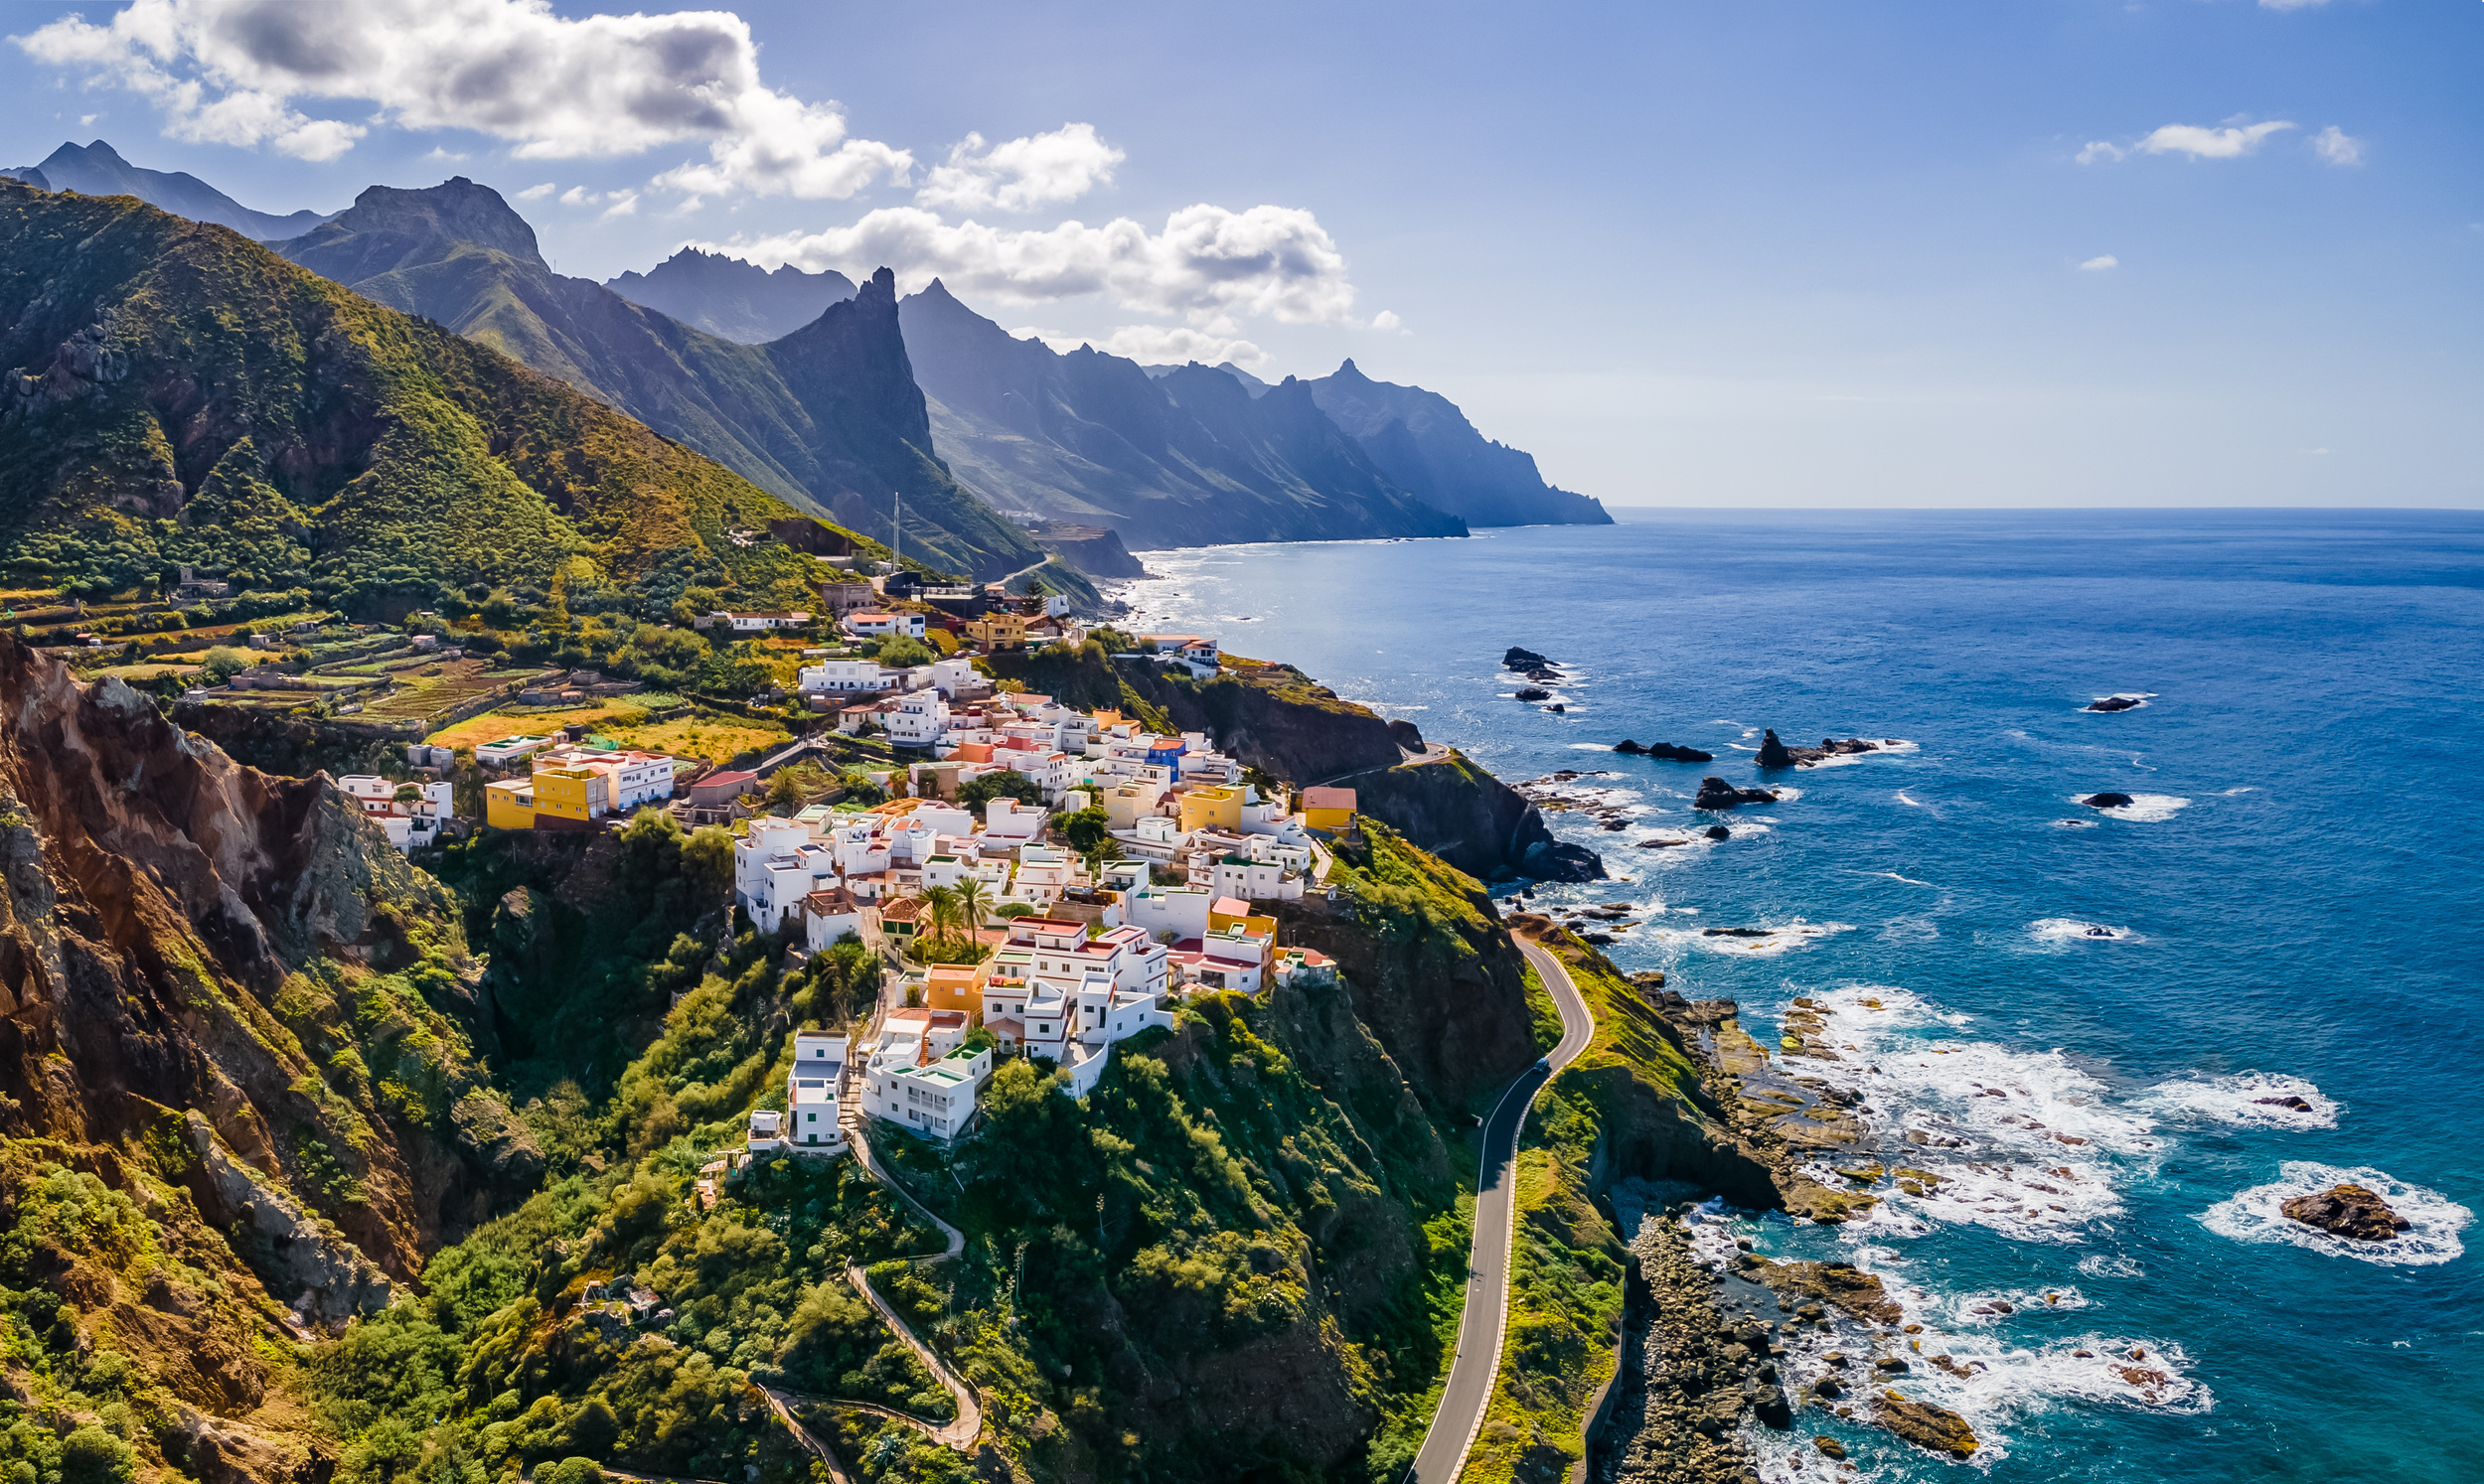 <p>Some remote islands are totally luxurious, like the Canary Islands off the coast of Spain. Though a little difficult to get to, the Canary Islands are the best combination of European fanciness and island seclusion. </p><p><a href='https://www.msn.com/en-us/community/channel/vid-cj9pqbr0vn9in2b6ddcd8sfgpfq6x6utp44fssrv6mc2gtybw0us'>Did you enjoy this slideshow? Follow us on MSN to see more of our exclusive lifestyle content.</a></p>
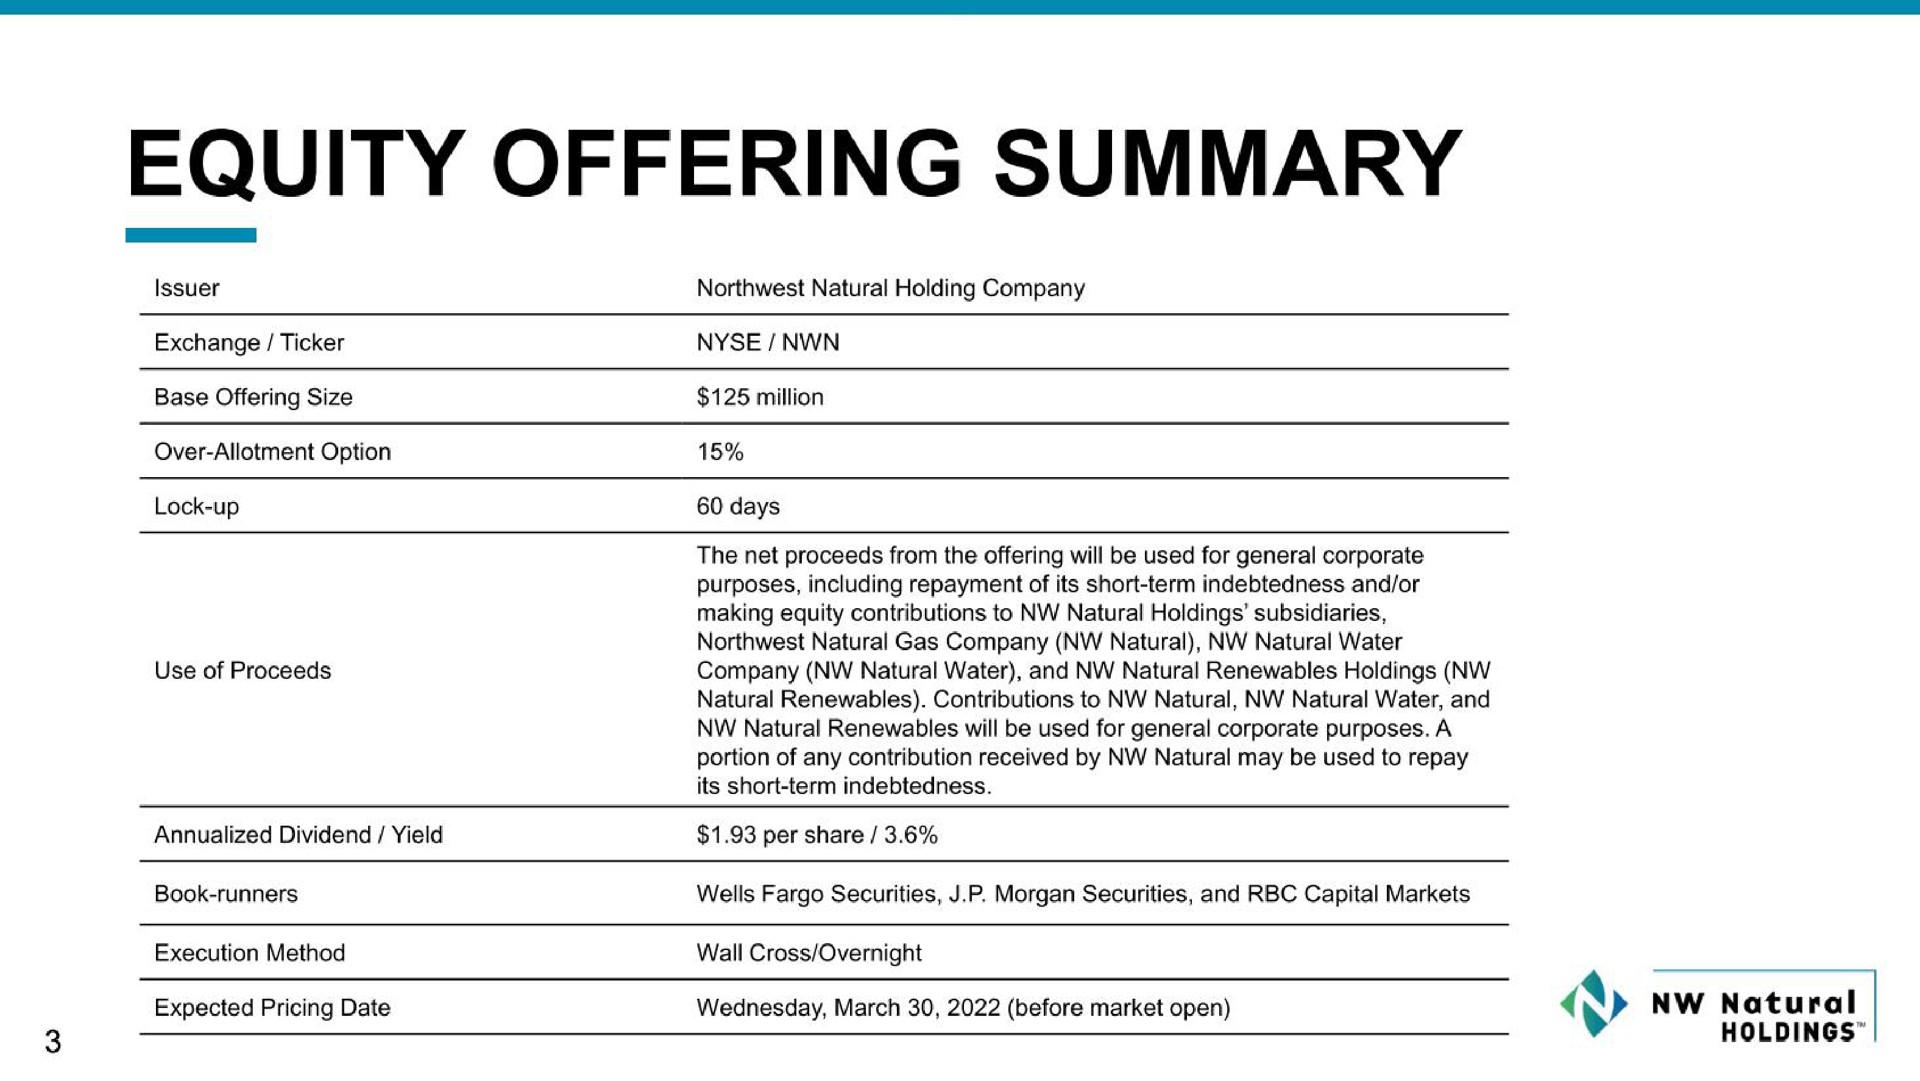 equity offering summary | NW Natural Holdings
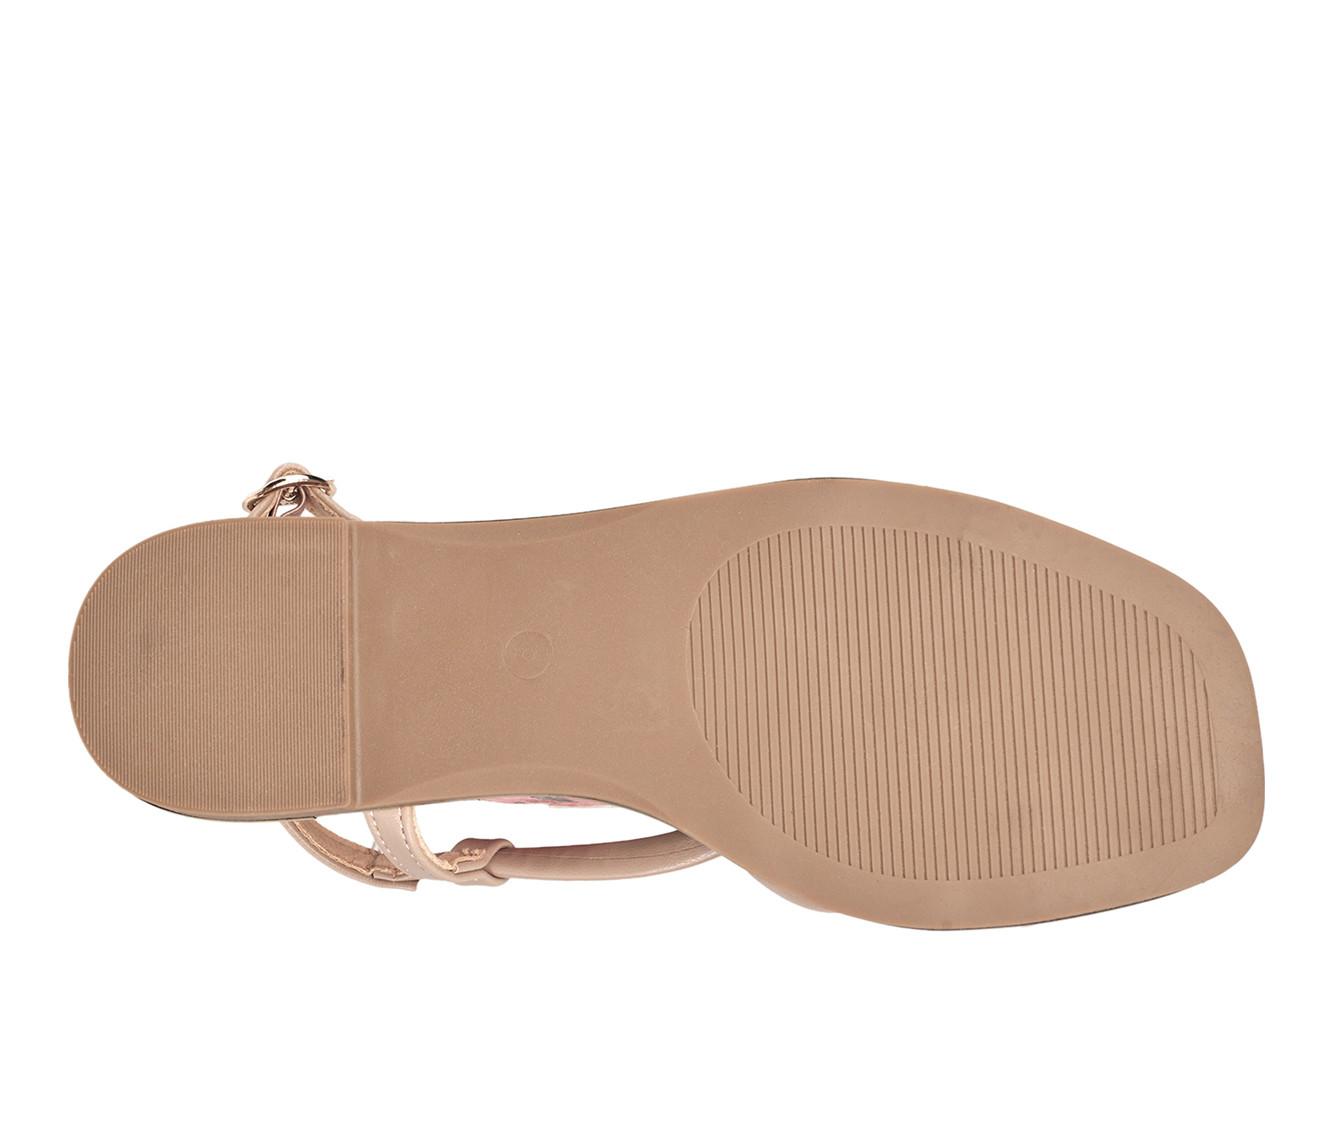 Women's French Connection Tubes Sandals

━━━━━━━━━━━━━━━━━━━━━━━━━━━━━━

=== EXERCISE INSTRUCTIONS ===
The output should hold only the lines from the one containing "equity offering summary" through the last line of the listing, reproduced exactly, pictures omitted.

=== TASK OUTPUT ===
 equity offering summary | NW Natural Holdings
 Women's French Connection Tubes Sandals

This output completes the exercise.